* _Data_:
##########

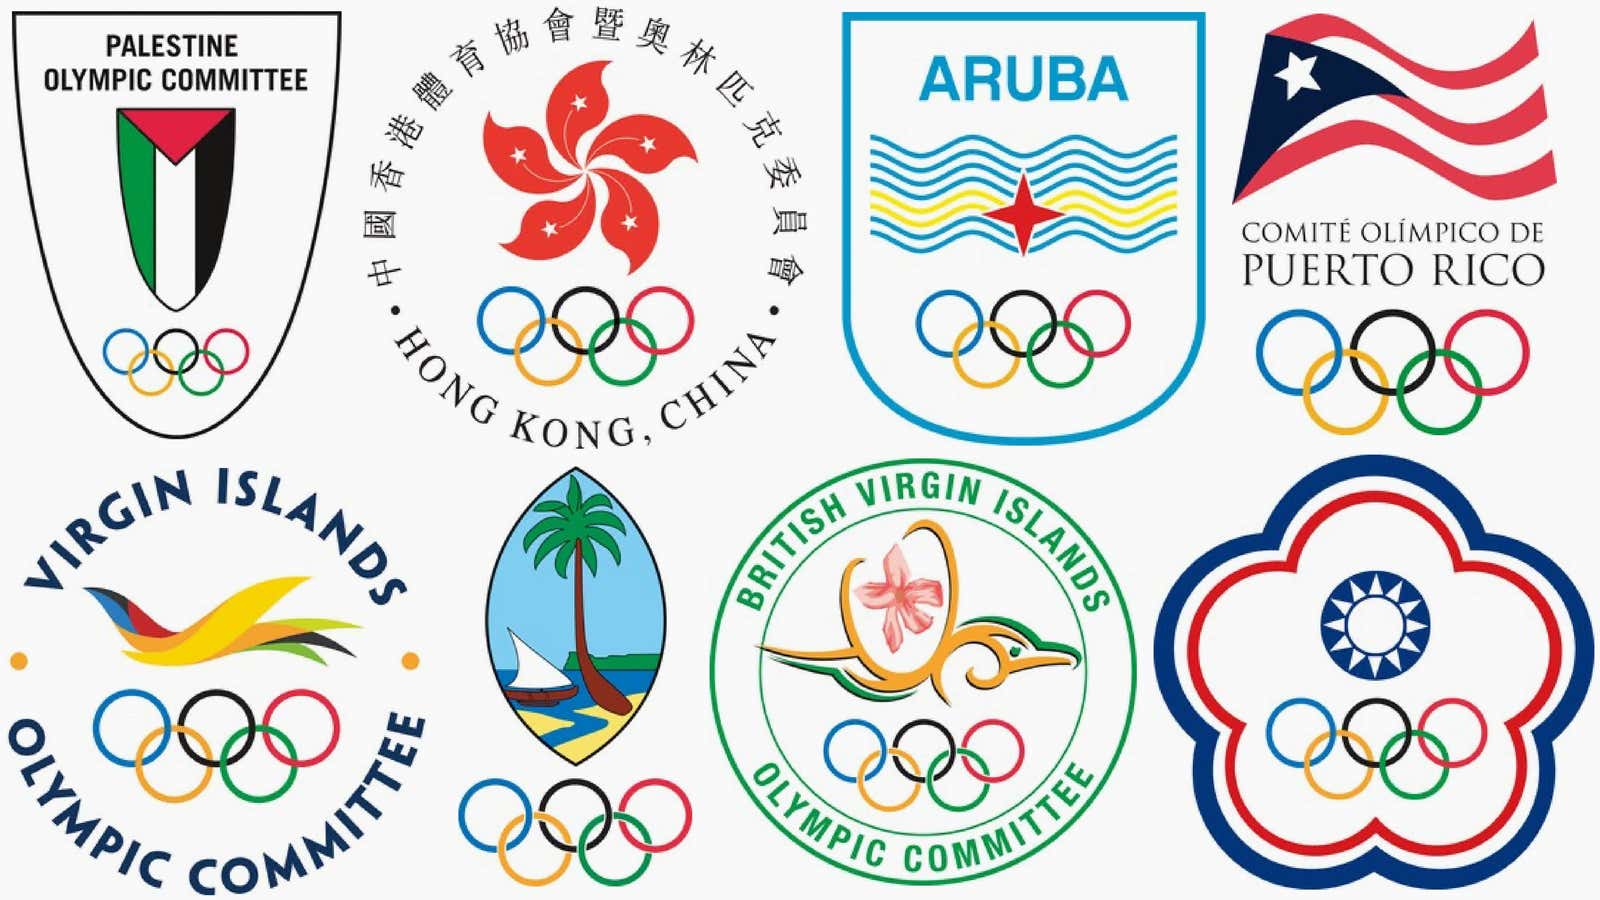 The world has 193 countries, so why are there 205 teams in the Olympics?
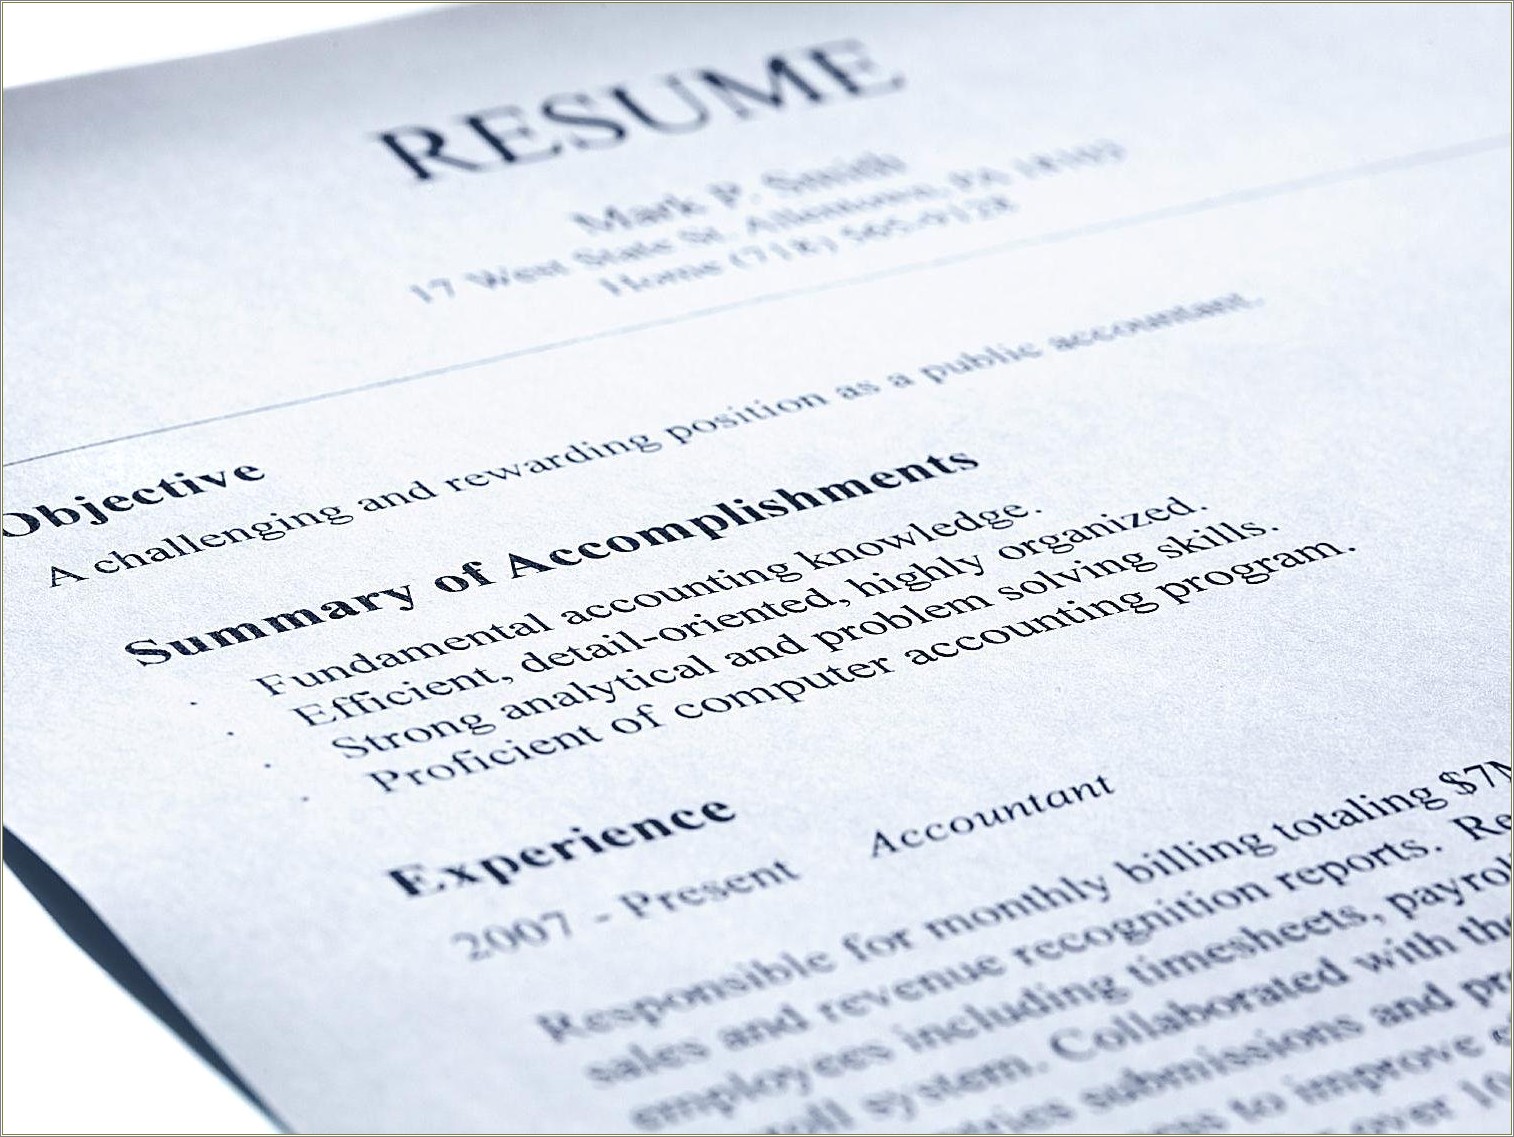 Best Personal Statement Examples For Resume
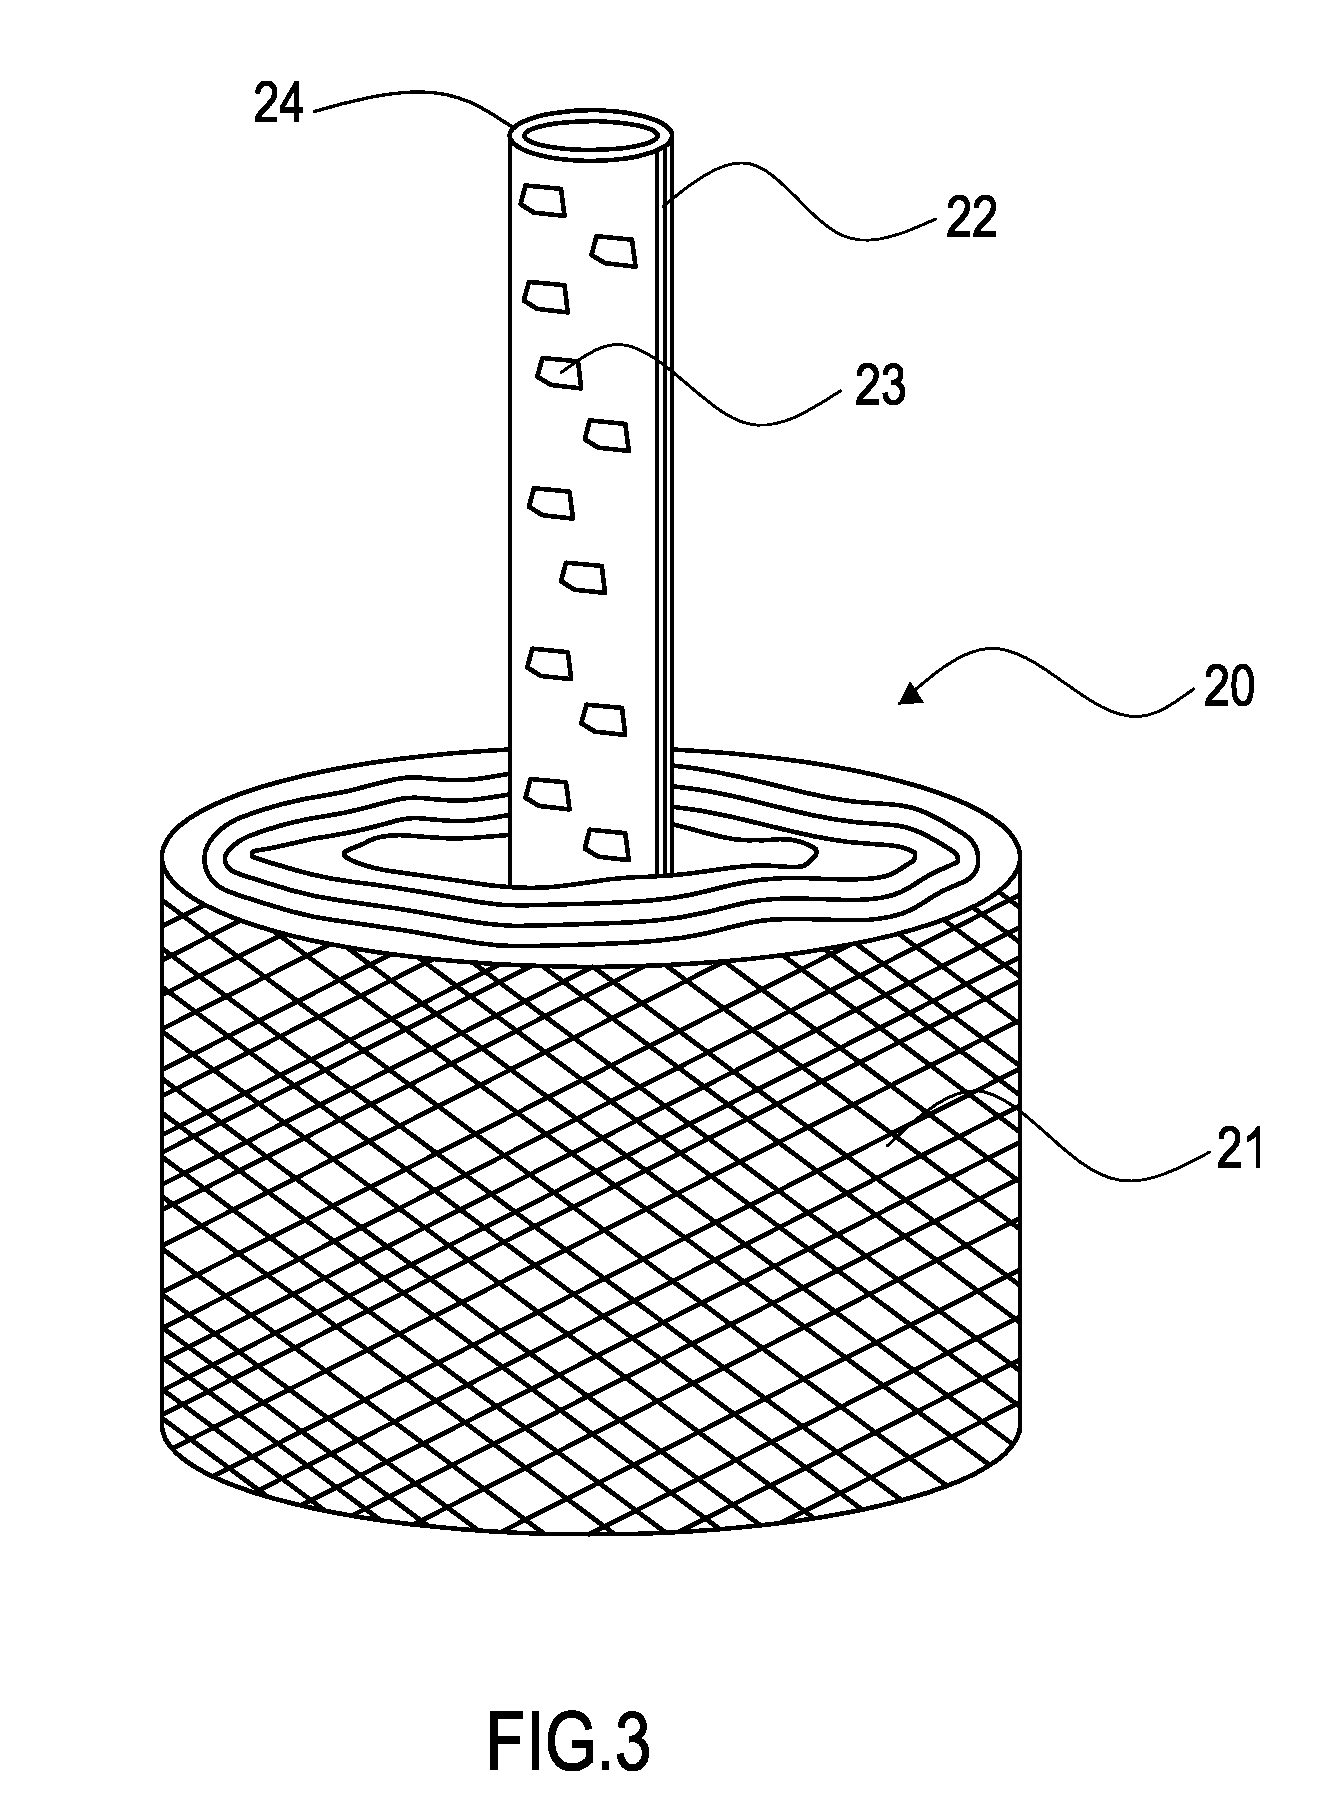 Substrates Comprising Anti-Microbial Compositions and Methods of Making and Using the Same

##########

* _Task to carry out_:
Your reply should be the full data above, copied exactly, with no pictures in it.

* _Task output_:
 The world has 193 countries, so why are there 205 teams in the Olympics?
 Best Personal Statement Examples For Resume
 Substrates Comprising Anti-Microbial Compositions and Methods of Making and Using the Same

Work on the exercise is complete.